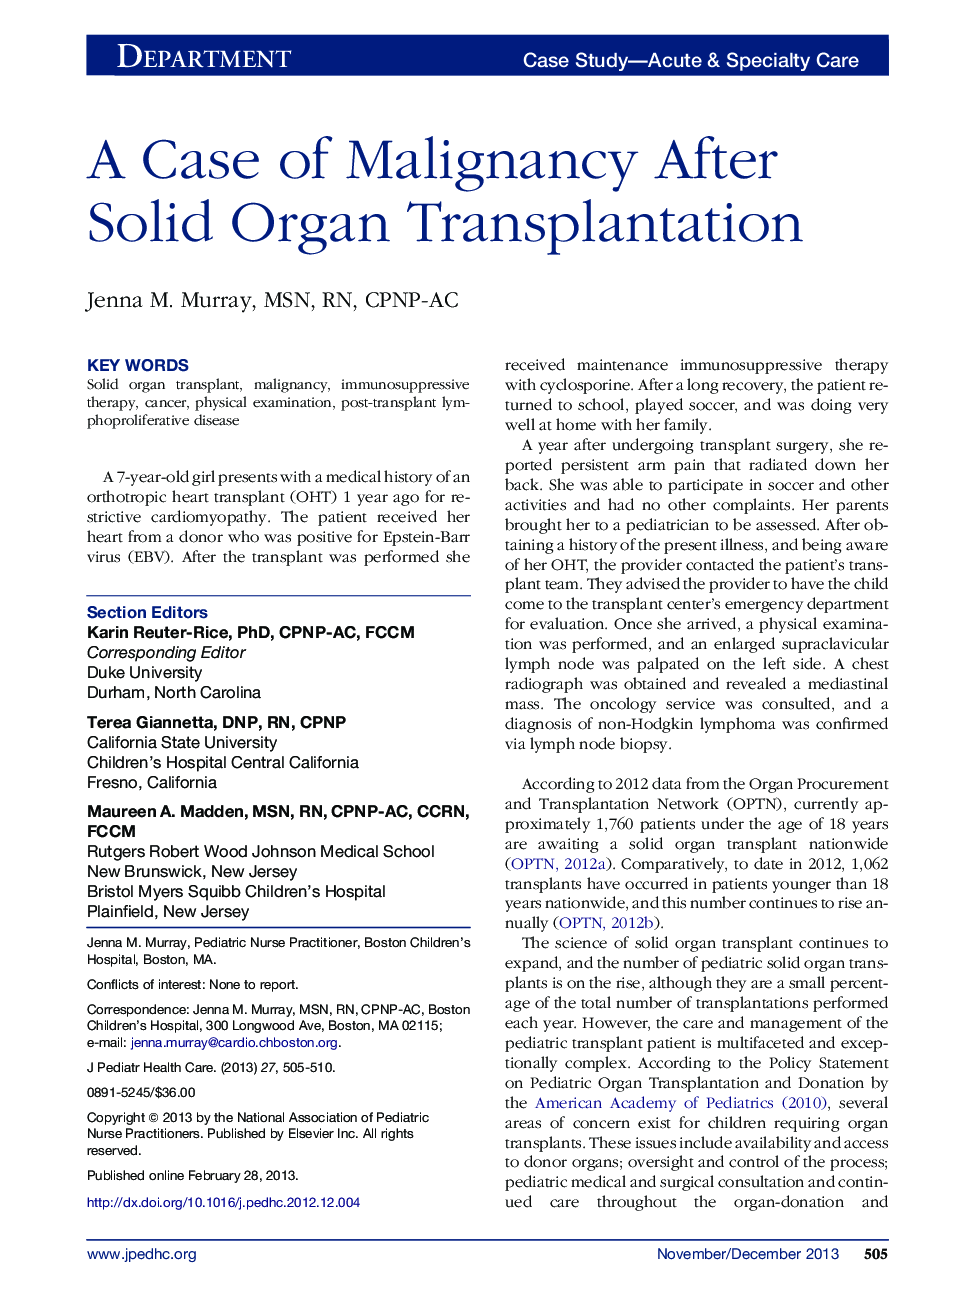 A Case of Malignancy After Solid Organ Transplantation
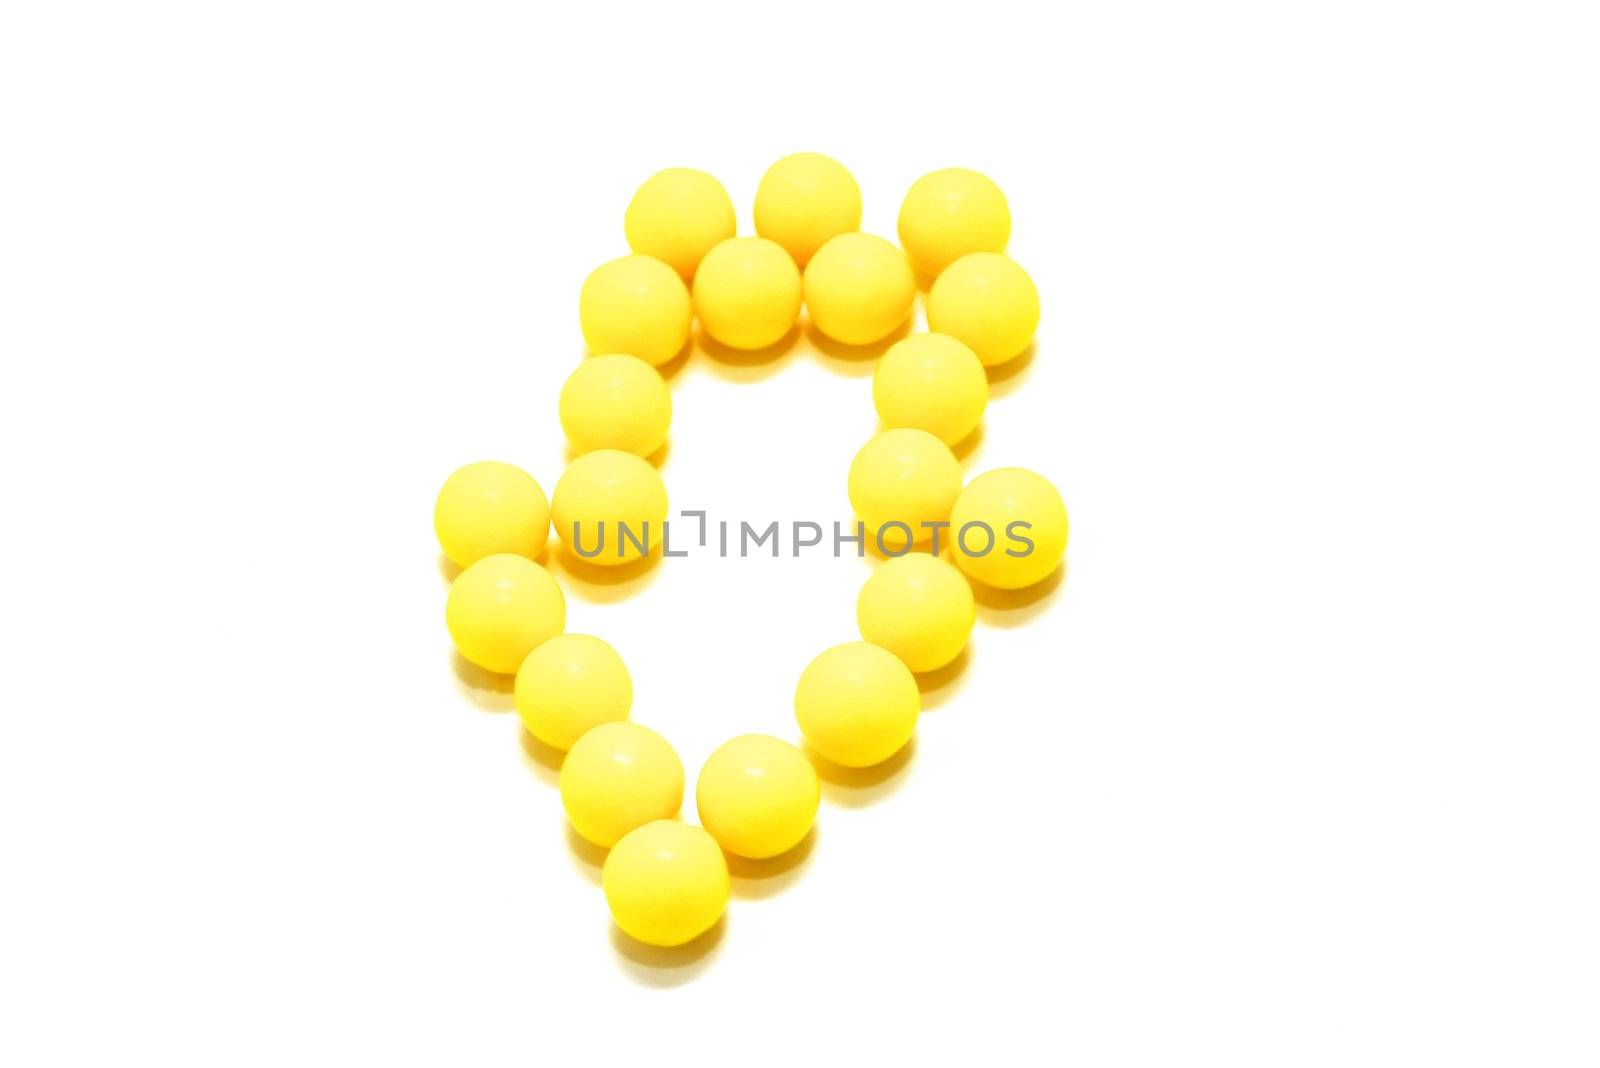 Vitamin pills by alshadsky
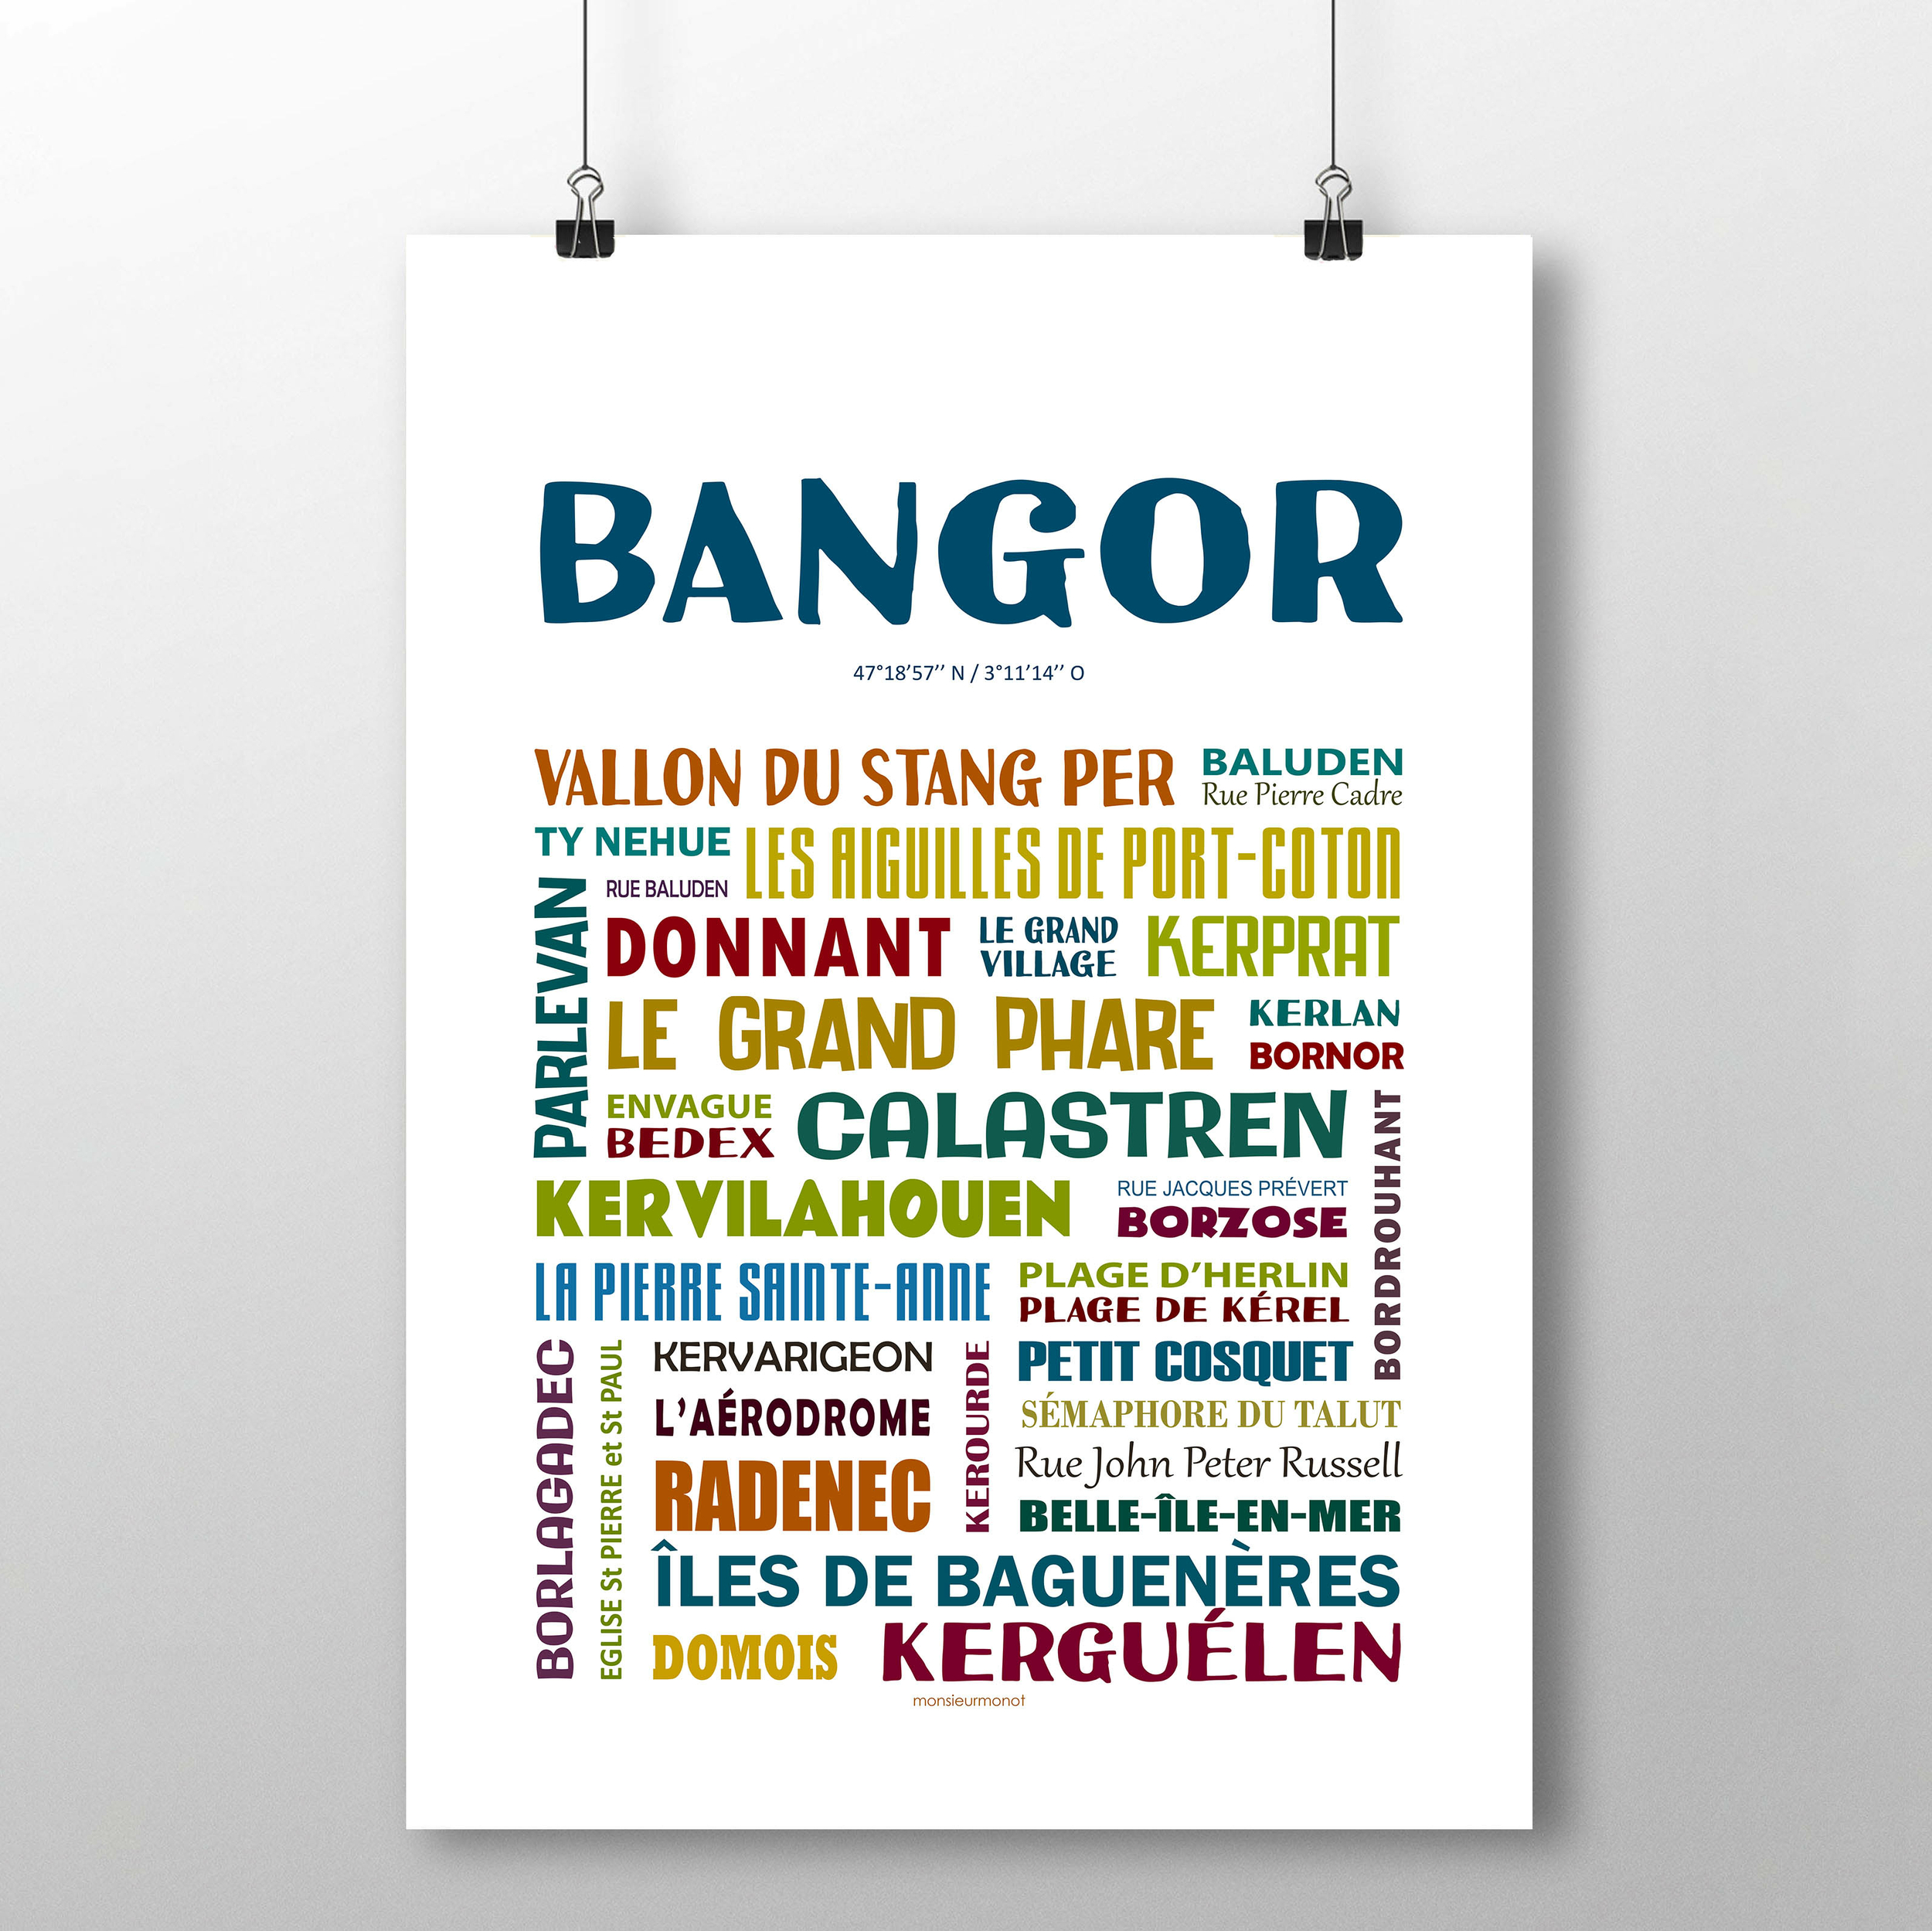 Bangor 2

====

# TASK TO CARRY OUT:
Copy every line above word for word and exclude the pictures.

# RESPONSE AREA:
 A Case of Malignancy After Solid Organ Transplantation
 Vitamin pills by alshadsky
 Bangor 2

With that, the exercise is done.